Question

The ${16}^{th}$ term of an AP is five times its third term. If its ${10}^{th}$ term is 41, then find the sum of its first fifteen terms.

Answer 1

Let the first term of AP be a and common differnce be d.
Given that ${16}^{th}$ term of an AP is five times its third term.

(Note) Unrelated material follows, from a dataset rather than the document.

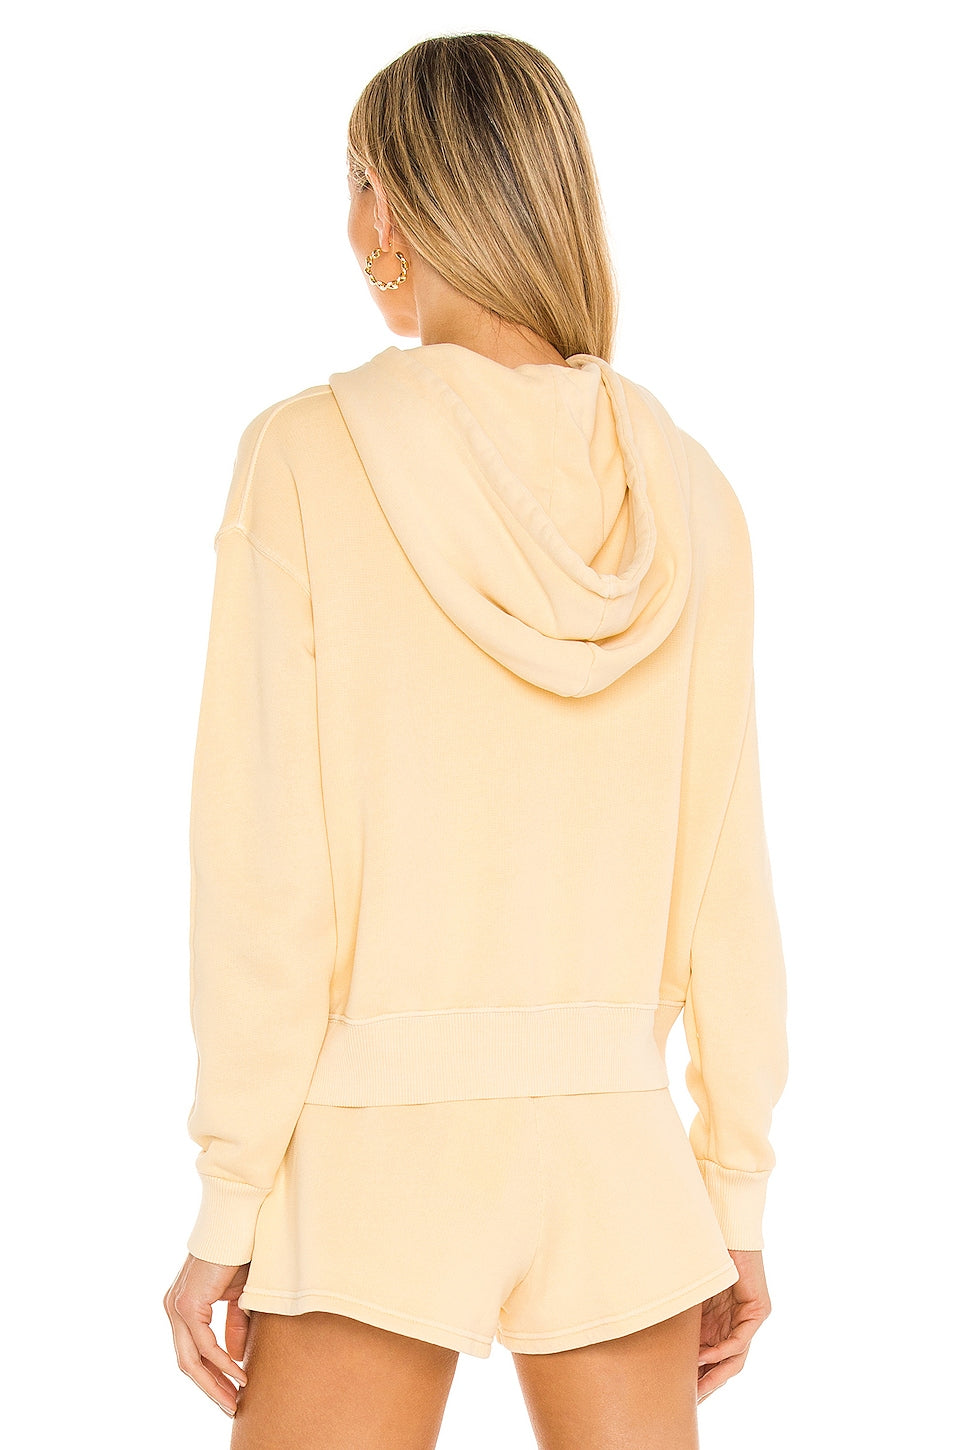 Green The Gaia Zip Up Hoodie in BUTTER YELLOW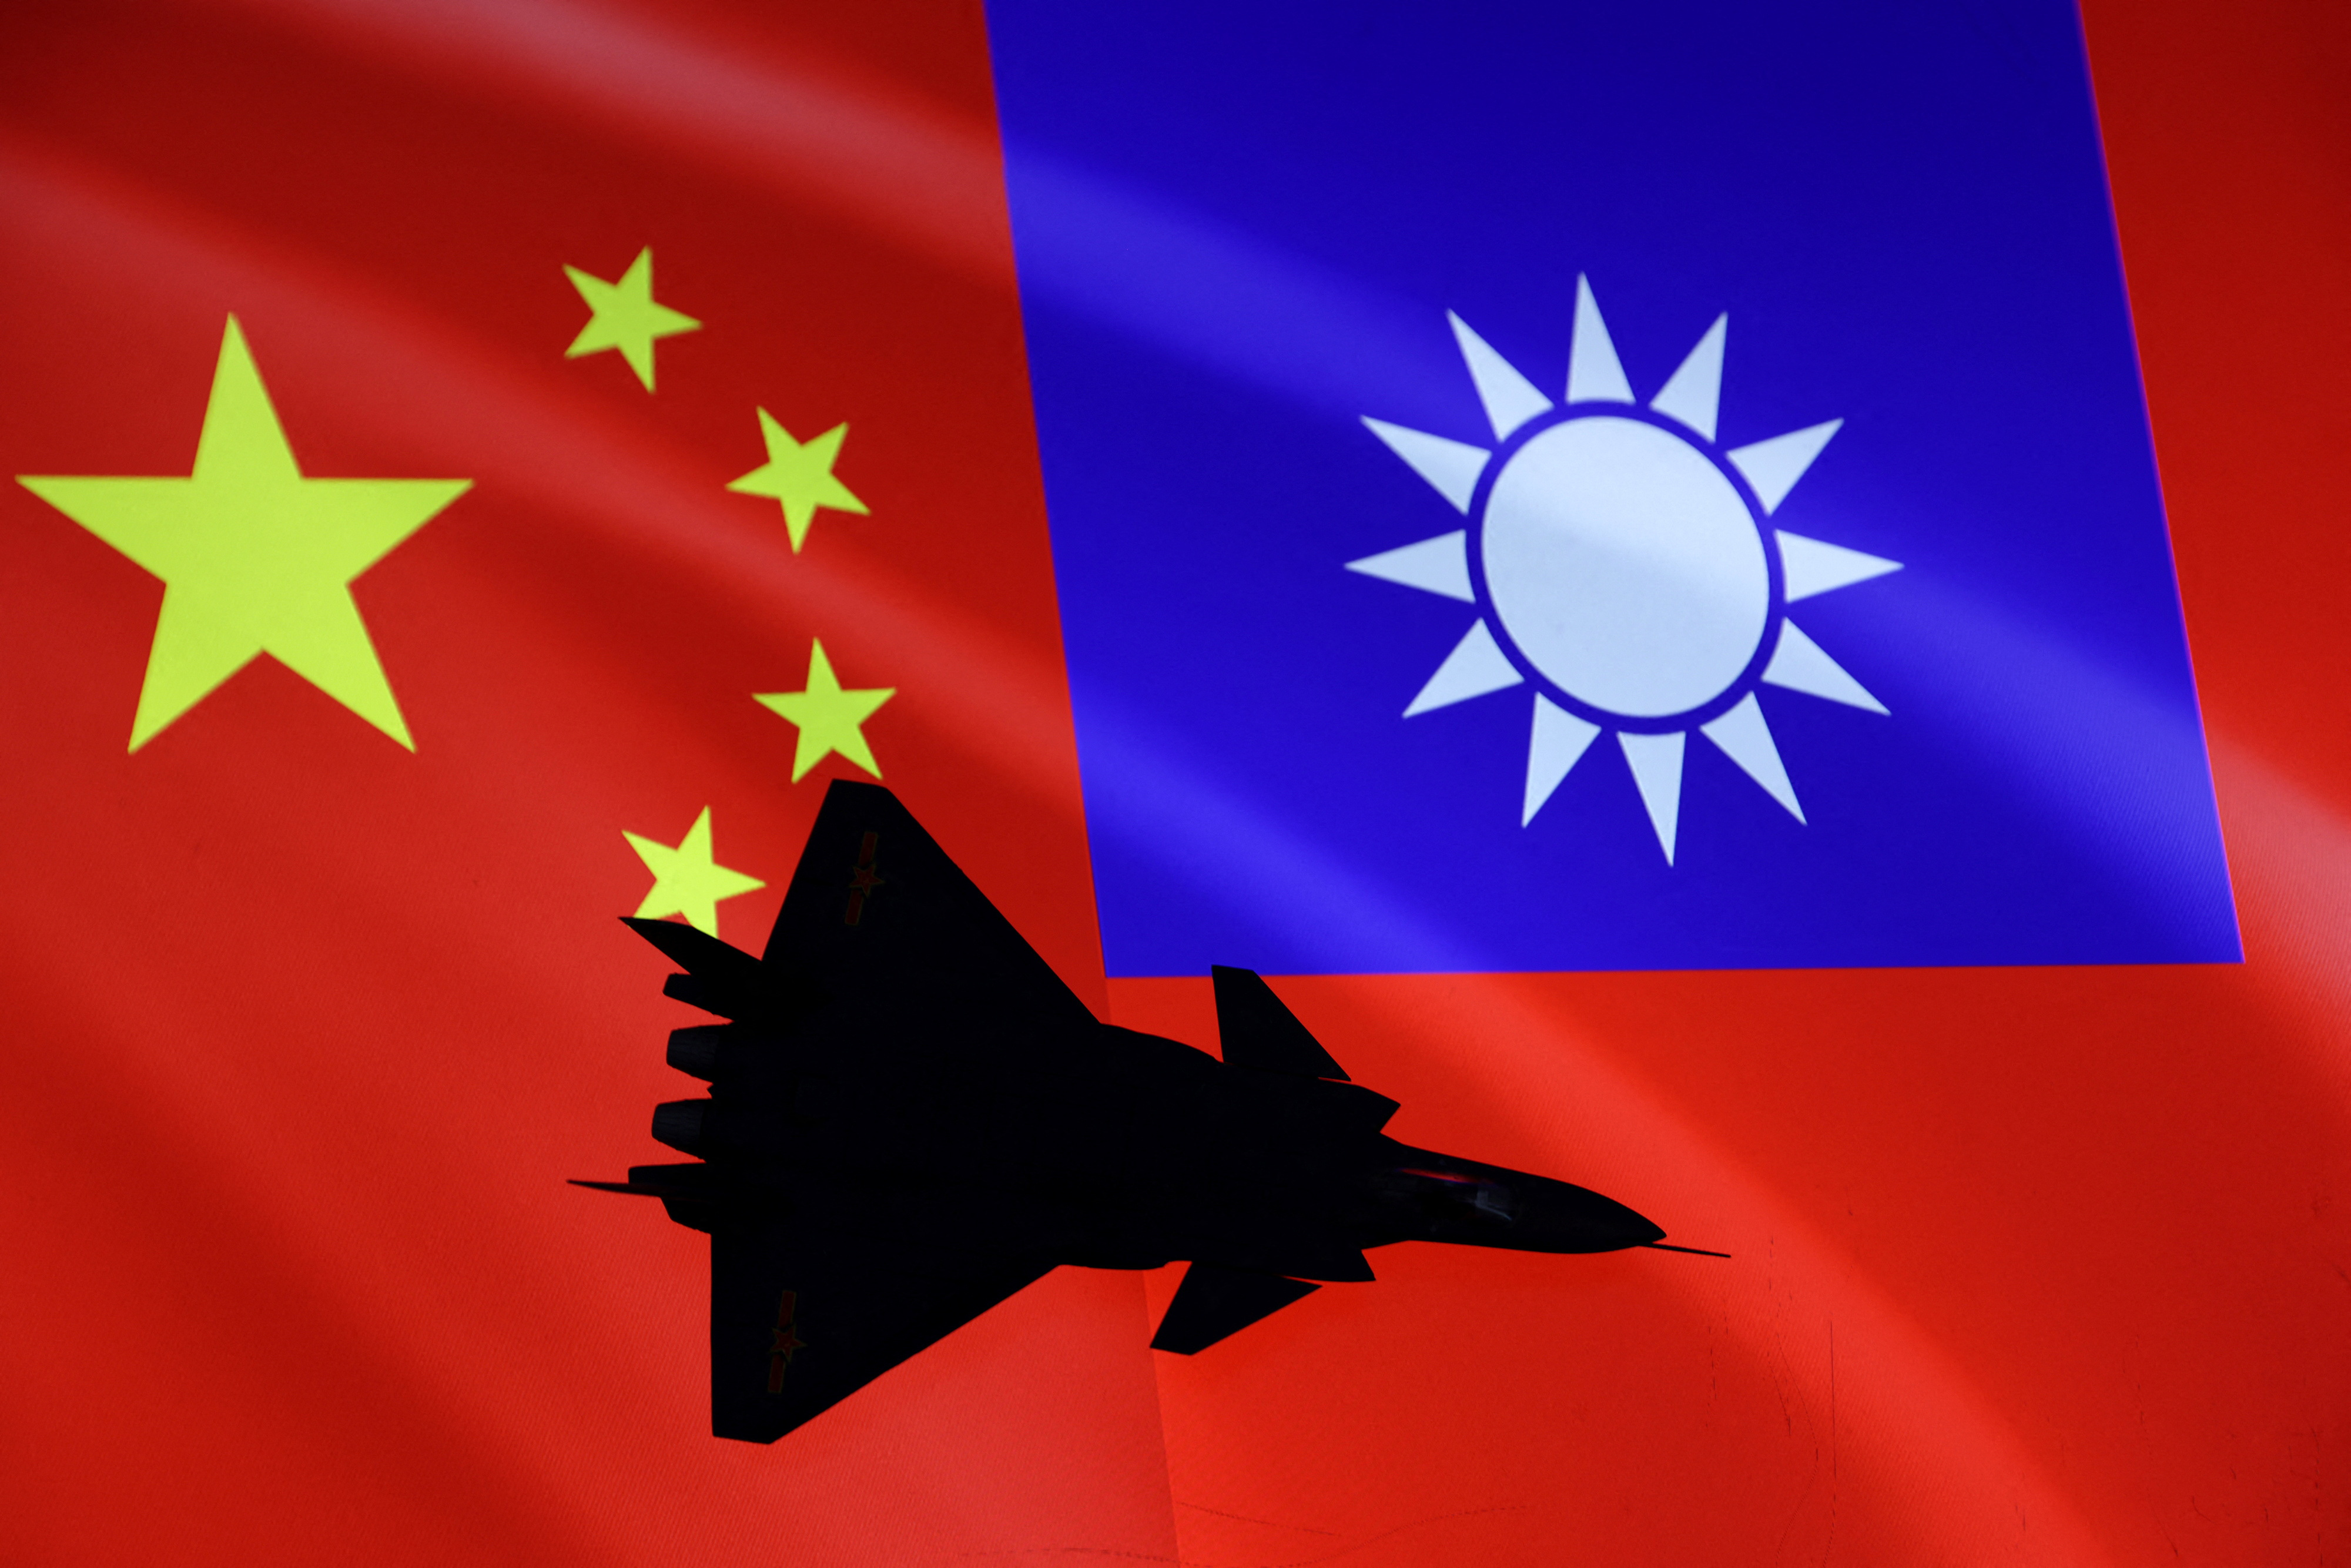 Illustration shows airplane, Chinese and Taiwanese flags

i.e., $a+(16-1)d=5[a+(3-1\left)d\right]$

$\Rightarrow a+15d=5[a+2d]$

$\Rightarrow a+15d=5a+10d$

$\Rightarrow 4a-5d=0....\left(i\right)$

Also given that, $a_{10}=41$

$\Rightarrow a+(10-1d)=41$

$\Rightarrow a+9d=41....\left(ii\right)$

On multiplying equation (ii) by 4, we get

4a+36d=164 ....(iii)

Subtracting equation (iii) from (i), we get

$\begin{array}{c}4a-5d=0\\ 4a+36d=164\\ \underset{–}{---}\\ -41d=-164\\ d=4\end{array}$

On putting the value of d in eq.(i), we get

$4a-5\times 4=0$

4a=20

a=5

Now, $S_{15}=\frac{15}{2}[2a+(15-1\left)d\right]$

$S_{15}=\frac{15}{2}(2\times 5+14\times 4)$

$=\frac{15}{2}2(5+14\times 4)$

=15(5+28)

=$15\times 33$

$S_{15}=495$

Hence,sum of first fifteen terms is 495.